Because this is no longer simply about Luna versus Villanueva in the 2026 election. It is about whether deputies believe anyone at the top actually has control of the institution anymore.
The posts repeatedly return to the same underlying theme: trust.
Trust in discipline.
Trust in promotions.
Trust in accountability.
Trust in leadership consistency.
Trust that the rules apply equally to everyone.
And inside paramilitary organizations like LASD, once trust fractures, the consequences spread quickly.
The anonymous commentary surrounding Paula Tokar reflects that dynamic perfectly. The posts describe allegations that Tokar openly berated subordinates and created what critics viewed as a culture of intimidation, while allegedly receiving protection from meaningful accountability. Whether fair or unfair, those perceptions become corrosive inside an agency already struggling with morale collapse.
The criticism directed at Myron Johnson is equally revealing. The posts portray him as politically adaptable, aligning with whichever administration benefits him most at the time, while questioning what tangible operational improvements his leadership has actually produced.
The language is brutal, sarcastic, and deeply personal at times. But beneath the insults is a much larger warning sign: personnel increasingly believe leadership positions are being shaped by internal politics rather than competence, credibility, or operational effectiveness.
And that perception is devastating inside a law enforcement agency.
The irony is that many of these anonymous criticisms mirror concerns current and former personnel have been anonymously revealing to The Current Report for years in an effort to expose the department’s deepening internal crisis.
LASD is now trapped between multiple collapsing fronts simultaneously:
a staffing crisis,
a morale crisis,
a credibility crisis,
a political crisis,
and a leadership crisis.
Meanwhile, public trust continues eroding as the Department remains under constant scrutiny from activists, civilian oversight commissions, federal investigators, county politicians, and internal whistleblowers.
Inside that environment, anonymous pages like “Oversight Optional” are not simply memes or angry venting anymore.

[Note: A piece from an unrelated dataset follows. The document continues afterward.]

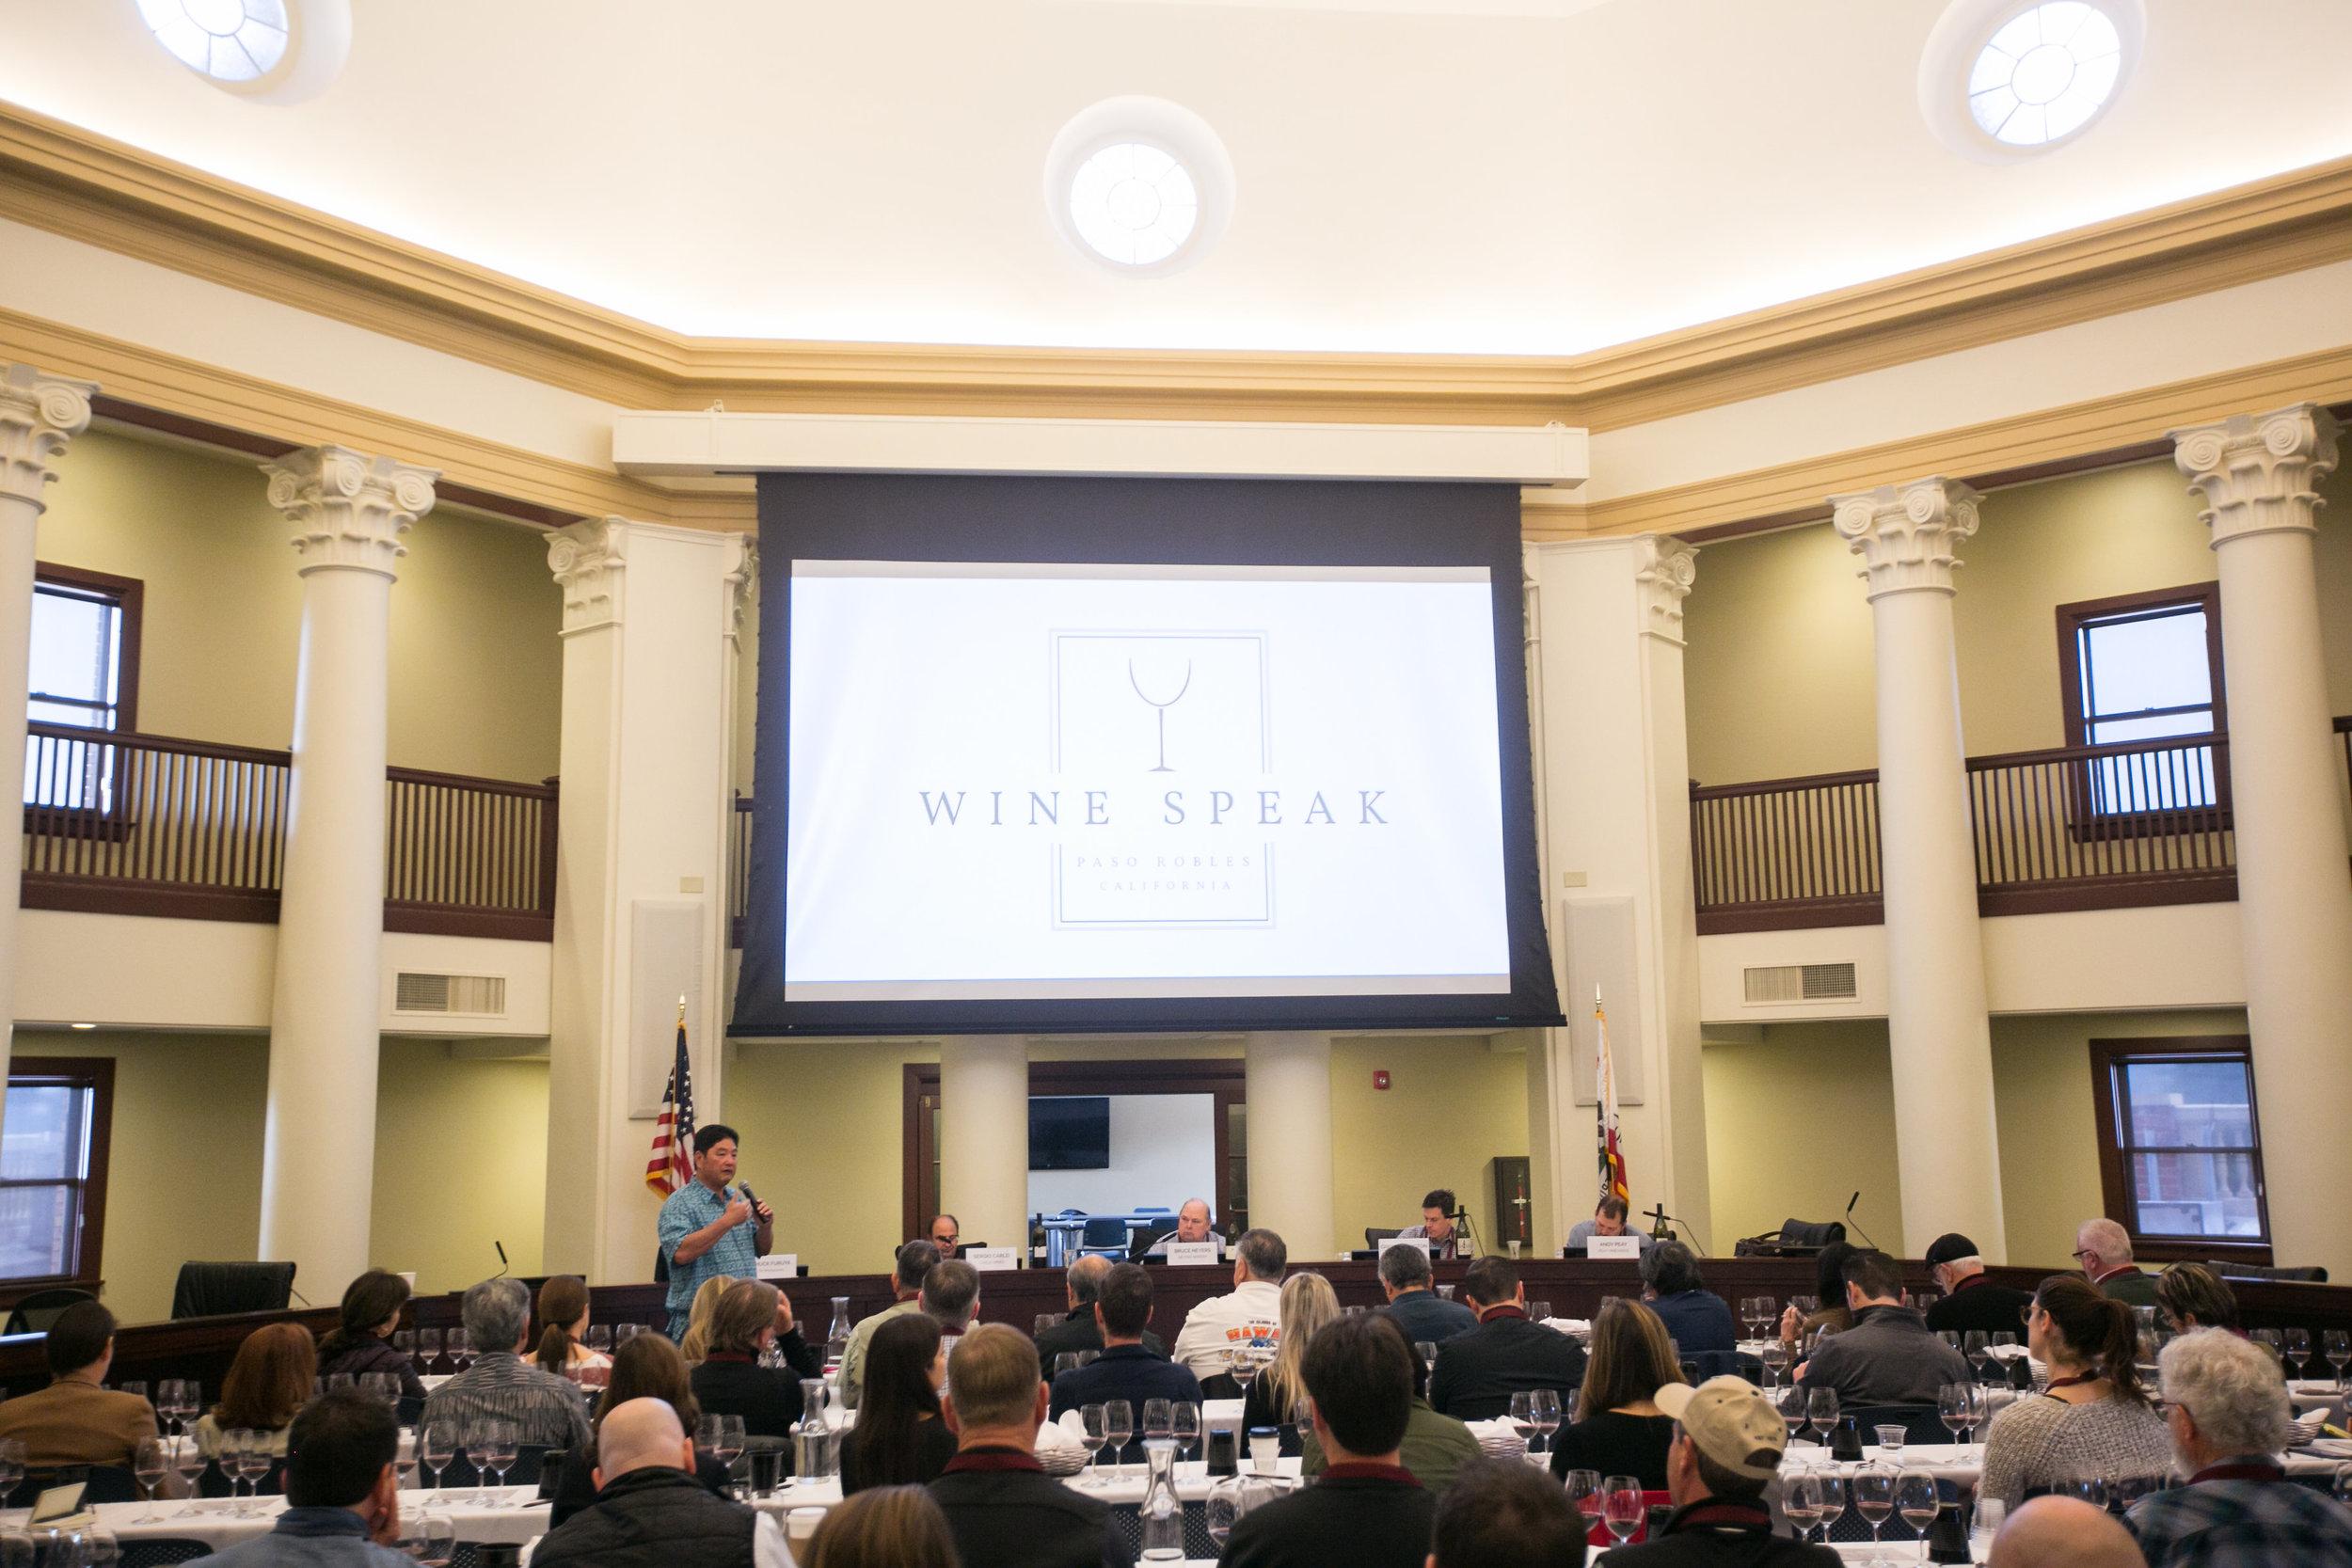 acacia-productions_wine-speak-0125.jpg

They are becoming digital pressure valves for an increasingly frustrated workforce that feels it has lost faith in the institution’s internal mechanisms for accountability and reform.
That may be the most dangerous development of all.
Because when deputies stop believing leadership is operating honestly, fairly, or competently, they stop believing the institution itself can protect them.
And once that happens, fragmentation inside a department becomes almost impossible to stop.
The final line in the post may have been written anonymously, but it captures the sentiment many inside the Department quietly express behind the scenes every day:
“Defective leadership erodes trust faster than any policy ever could; and without trust, even the strongest organization will fracture.”
For LASD, the real question now is not whether that fracture has already begun, but how deep it runs – and whether it can still be repaired.